[Your goal]:
Your answer must be an exact copy of the data, without any pictures.

[Data shown]:
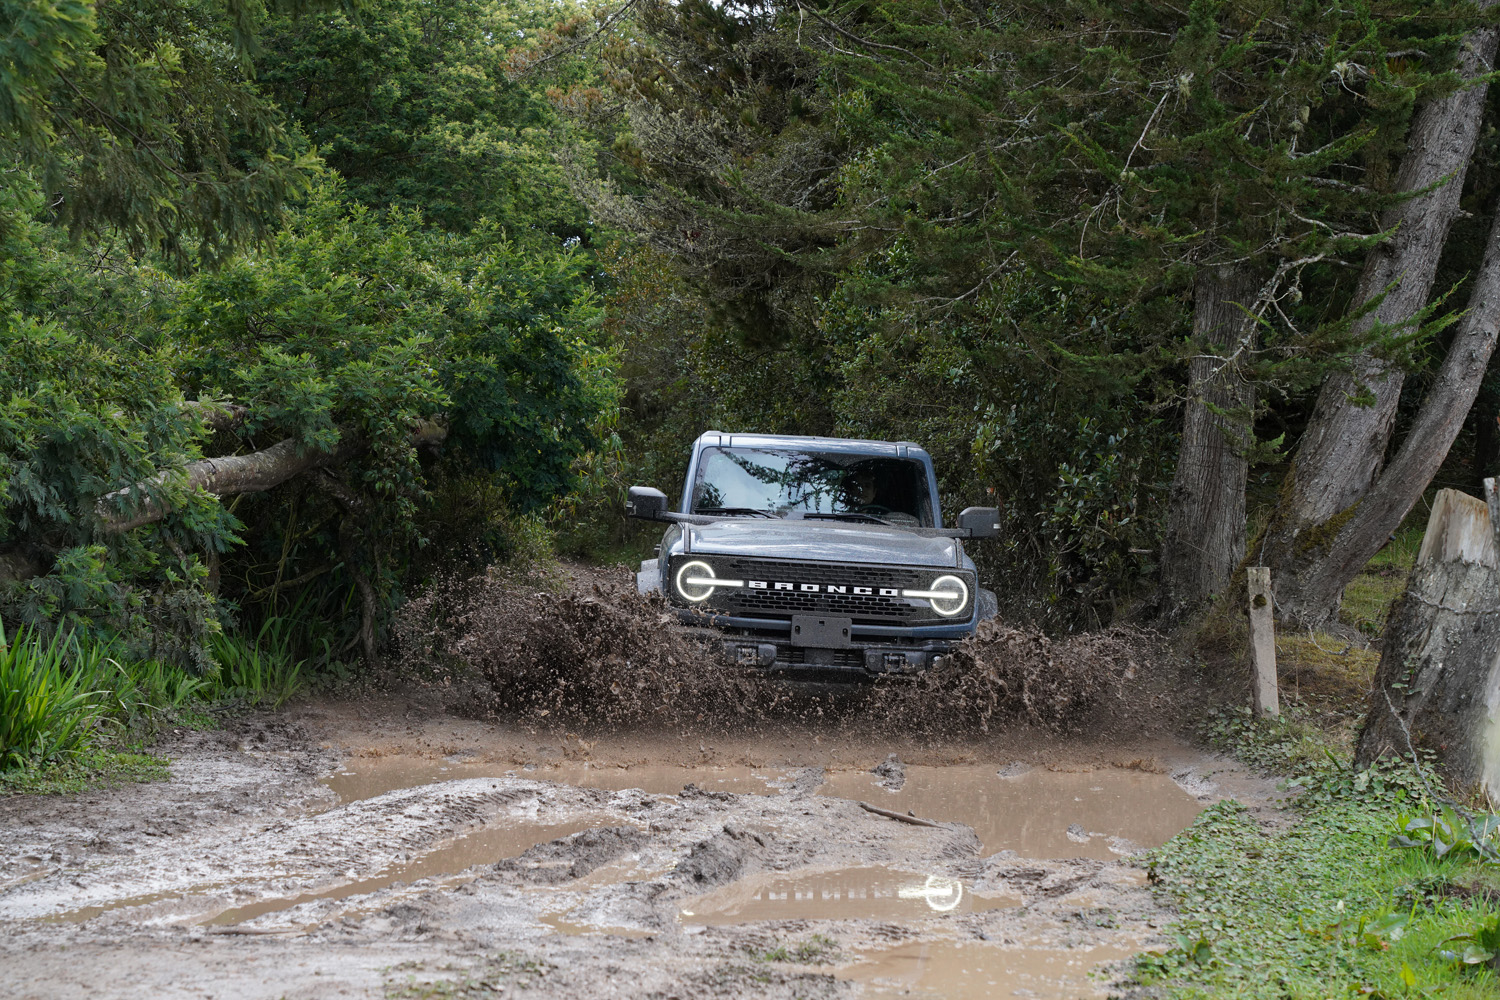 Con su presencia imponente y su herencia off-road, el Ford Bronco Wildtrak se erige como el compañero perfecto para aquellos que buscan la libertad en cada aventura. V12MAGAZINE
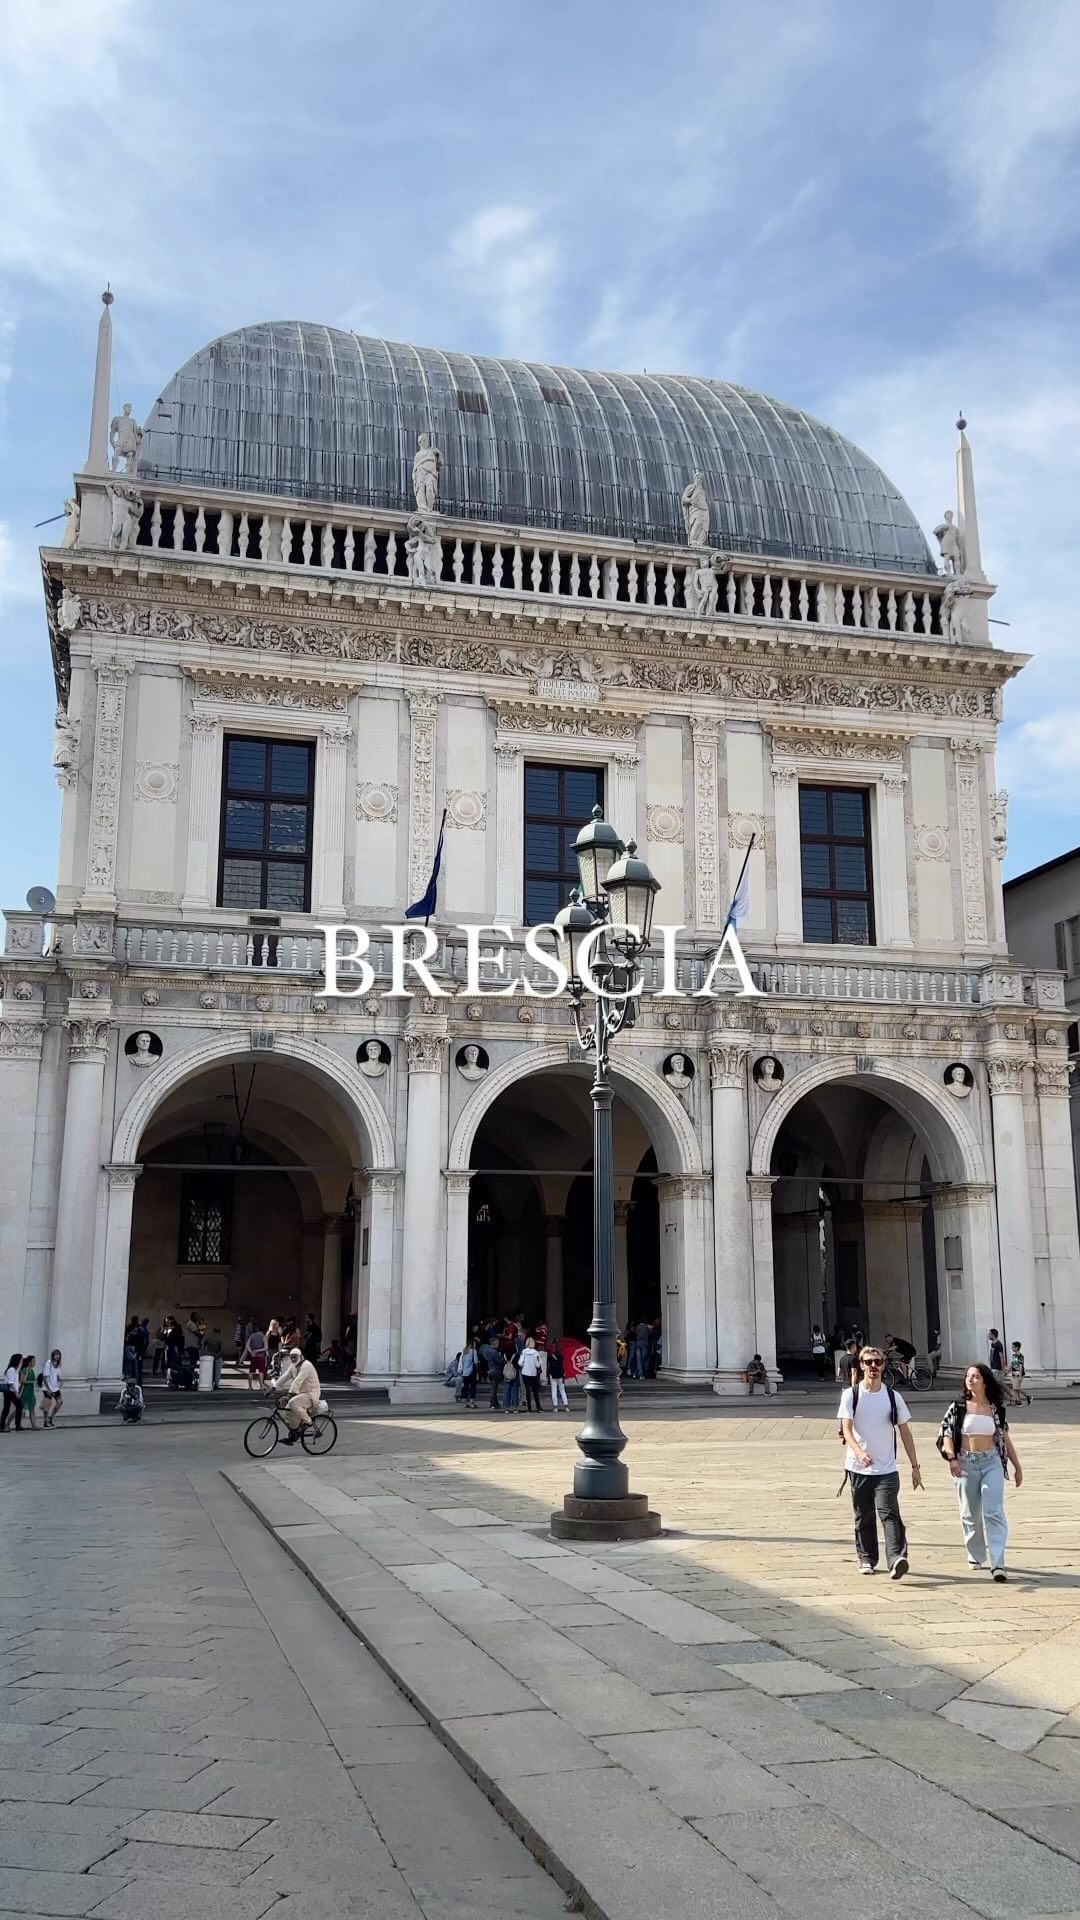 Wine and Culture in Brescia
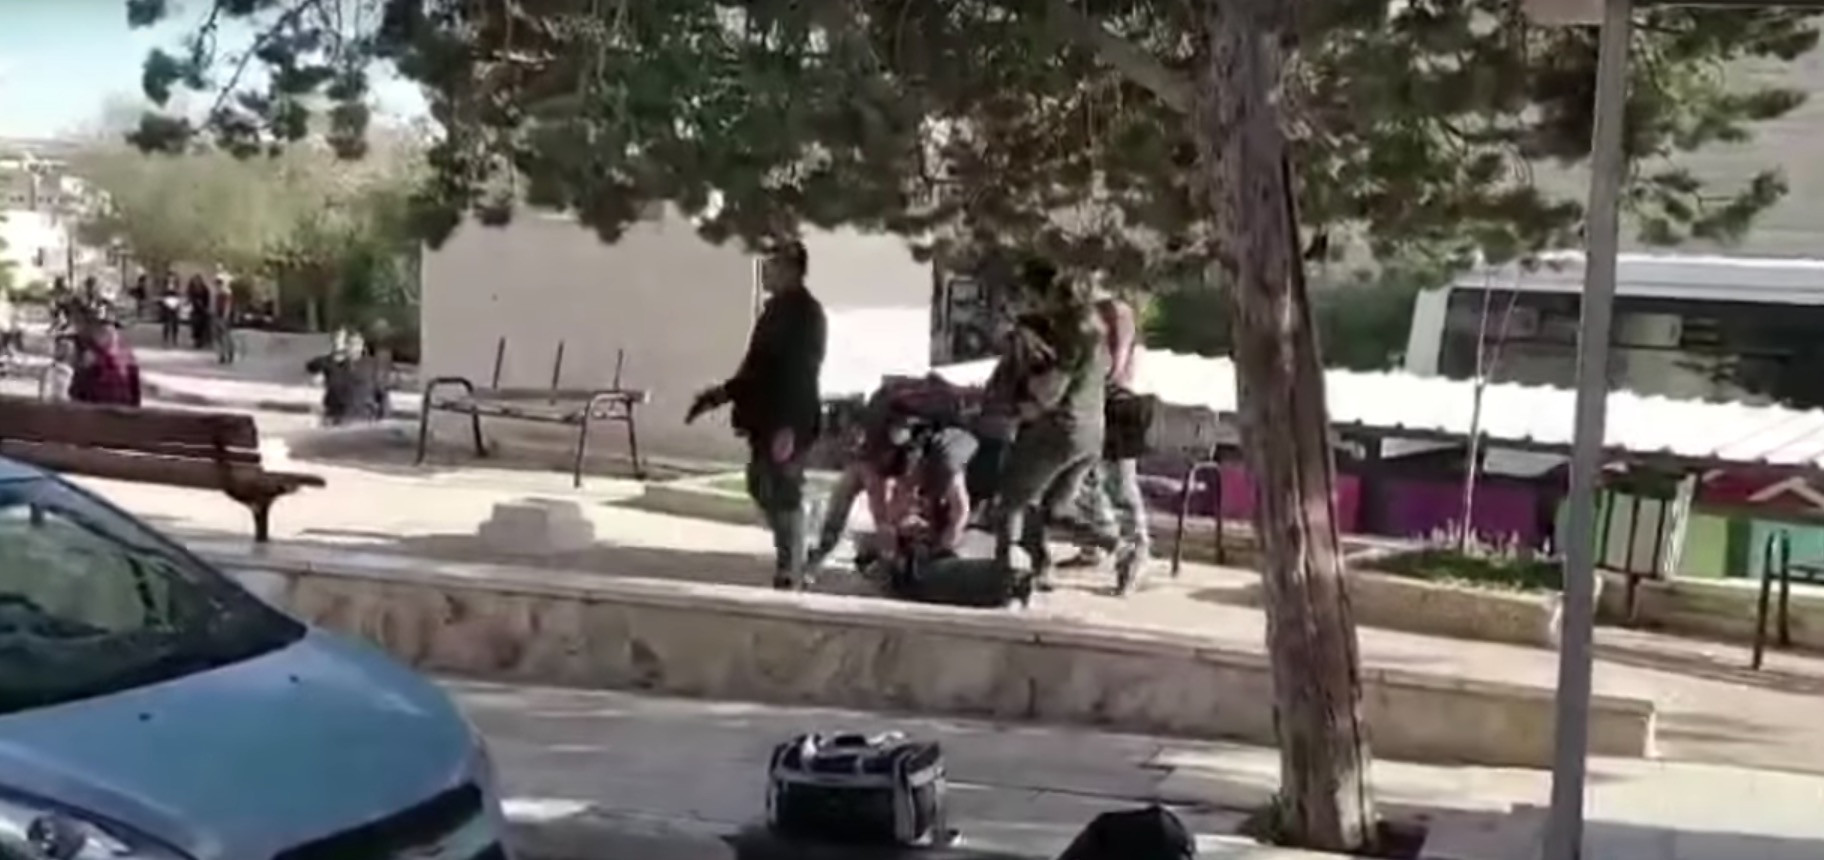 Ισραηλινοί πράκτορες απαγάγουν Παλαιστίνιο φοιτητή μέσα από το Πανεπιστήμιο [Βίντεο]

[Reply to the exercise]:
 Con su presencia imponente y su herencia off-road, el Ford Bronco Wildtrak se erige como el compañero perfecto para aquellos que buscan la libertad en cada aventura. V12MAGAZINE
 Wine and Culture in Brescia
 Ισραηλινοί πράκτορες απαγάγουν Παλαιστίνιο φοιτητή μέσα από το Πανεπιστήμιο [Βίντεο]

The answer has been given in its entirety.